In India, there is no structured training programme in Breast imaging and this subspecialty is practiced primarily as part of general radiology practice. As radiologists acquire their skills during their radiology residency, cultivating an interest in women imaging at the resident level would improve the quality of health care they would provide after entering the workforce. The shortage of breast imaging specialists in India is an ongoing concern. It is therefore strongly desirable to start a dedicated postdoctoral fellowship programme in breast imaging.

The Fellowship Programme intends to provide a well-balanced clinical, research and teaching curriculum as it will take place in a high-volume academic environment. This two-year programme will provide training in all aspects mammography, ultrasound, computed tomography and magnetic resonance imaging. Access will also be provided to related interventional procedures. It would provide a means of increasing skilled professionals in this field.

II. OBJECTIVES OF THE PROGRAMME

1. PROGRAMME GOAL

The fellowship course in breast imaging is targeted to develop breast imaging experts with abilities to perform full range of diagnostic imaging and interventional procedures in this field. On completion of the course, the candidate should be capable of delivering the highest quality of patient care by making an early and accurate diagnosis and guiding subsequent management and become clinically competent, and be able to pursue both clinical and experimental research in this field.

2. PROGRAMME OBJECTIVES

To train fellowship students in clinical, diagnostic, and interventional breast imaging so as to enable them to make imaging diagnosis independently of all breast diseases and perform all types of breast interventions, thus improving patient care. The structured training program would emphasize:

i. Evidence-based decision-making.

ii. Development of desired technical expertise with emphasis on safety, self-analysis and improvement.

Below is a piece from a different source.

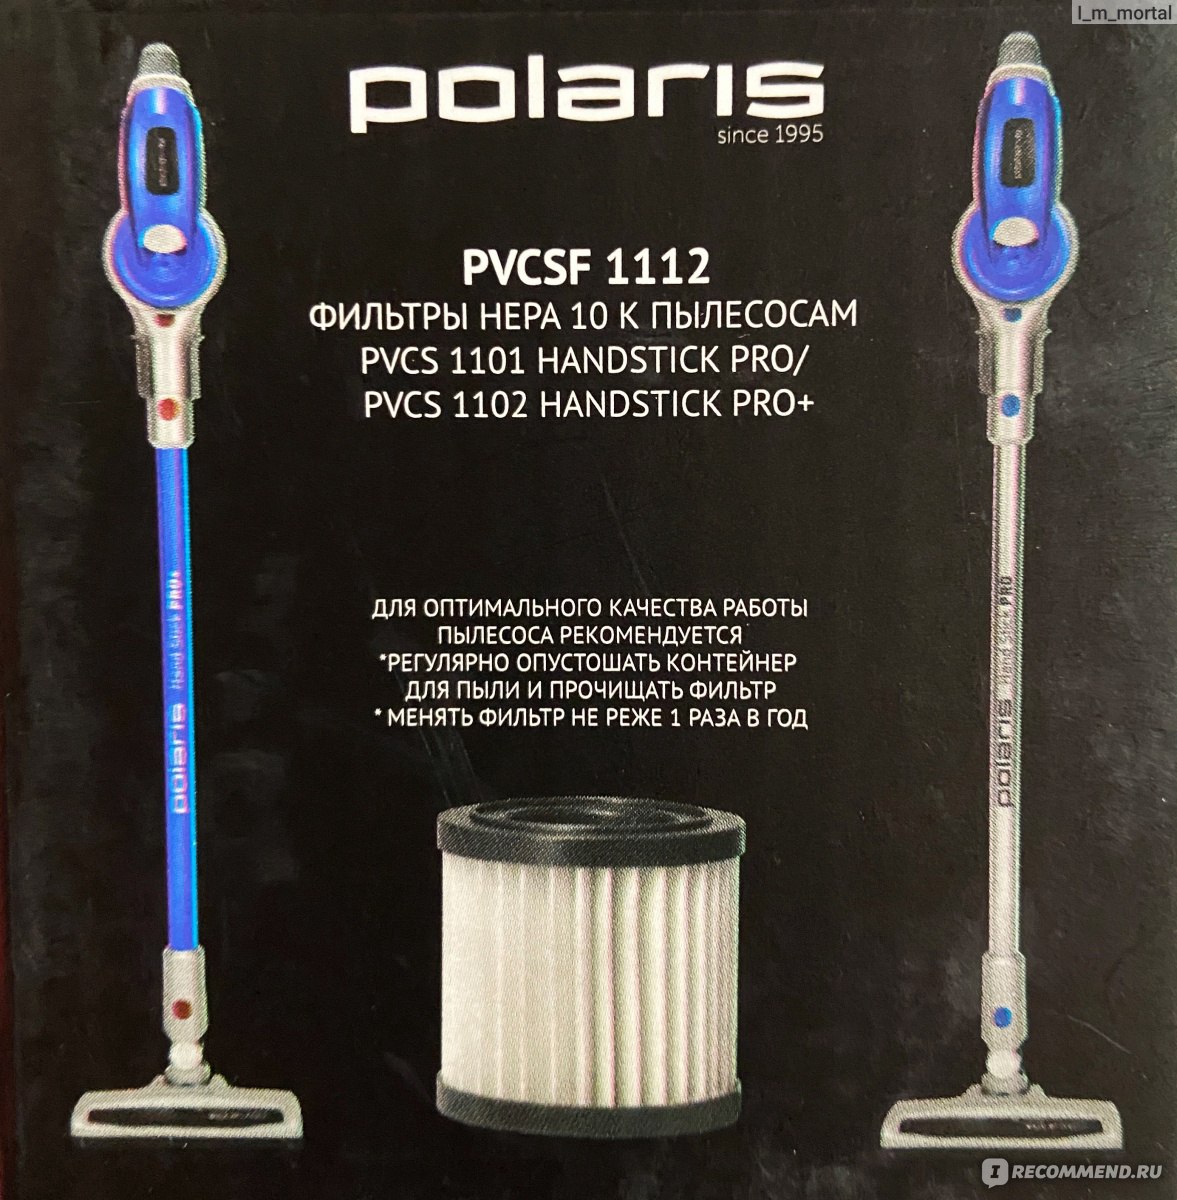 Фильтр для пылесоса Polaris PVCSF 1112
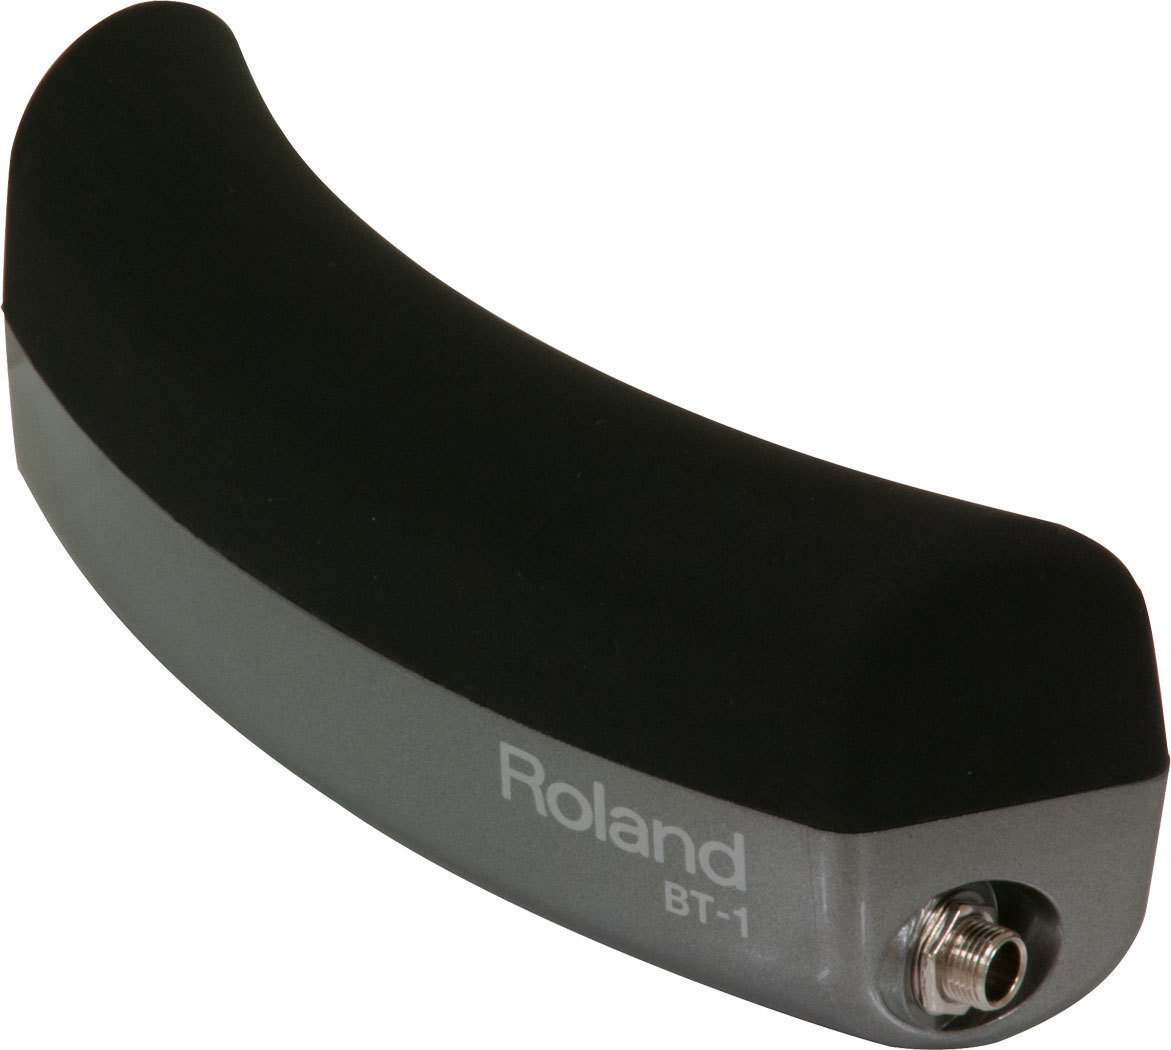 E-Drum Pad Roland BT-1

iii. Development of appropriate communication skills.

iv. Development of efficient interdisciplinary collaboration.

v. Use of research technology and skills in conducting clinical and experimental studies.

vi. Development of professional leadership and management skills.

vii. The candidates would also be trained for the following:

a. Understand ethical issues in human and animal research

b. Perform independently a research project and publish a scientific paper in an indexed journal.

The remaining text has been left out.